Drawing detail with the Amun bark's egis from the facsimile documentation carried out in Theban Tomb 65Instagram June 19. 2020
To read about the epigraphic challenges proposed by TT 65, follow this link.
Drawing detail from the facsimile documentation carried out in Theban Tomb 65, located on the northeastern face of the Sheikh 'Abd el-Qurna hill.
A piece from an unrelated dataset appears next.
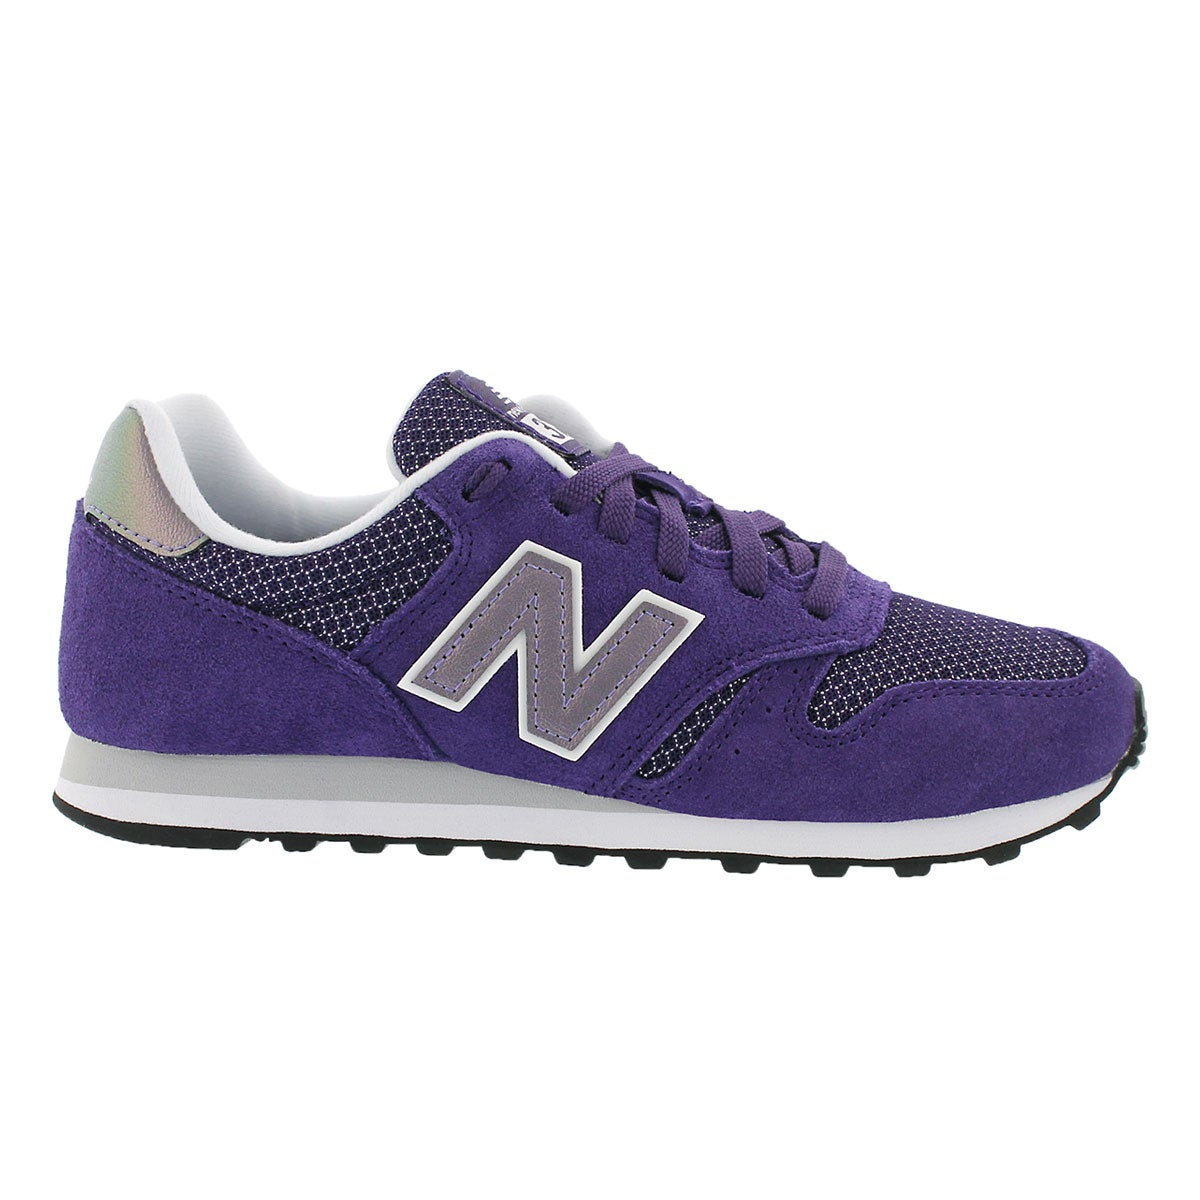 Lds 373 purple lace up running shoe

This exquisitely painted private tomb was decorated in the late Rameeside period for its second owner, Imiseba, who was head of the altar and head of the temple-scribes of the estate of Amun in the time of Ramses IX.⠀ ⠀
The epigraphic work mostly concerned the faithful representation of Imiseba's wall scenes, with some of the originals being exact copies of monumental works located in the famous temples of Karnak and Medinet Habu. ⠀ ⠀
The epigraphic activity in the tomb has a rather complex history: it covers almost two hundred years, serving the interest of many scholars and artists beginning with A. Dupuy in 1832 (as an artist of the Hay expedition), and later continuing with Prisse d' Avennes, P. Newberry, H. Winlock, and Nina de Garis Davies.⠀ ⠀
Interestingly, although these early draftspersons kept coming back to copy the details of TT65’s extensive wall paintings, none of the tomb’s walls were published in their entirety. The facsimiles created between 1998-2013 provide a complete, millimeter by millimeter replica of the decorative surface, extending over 300 square meters. ⠀ ⠀
To represent the most basic color palette with the line drawings, carefully created black and white patterns were developed for each hue, resembling the actual colors as they would appear on a grayscale photograph taken of the wall. When the so-called Imiseba method was invented about twenty years ago, every step of the procedure had to be carried out manually on paper one dot or brushstroke at a time.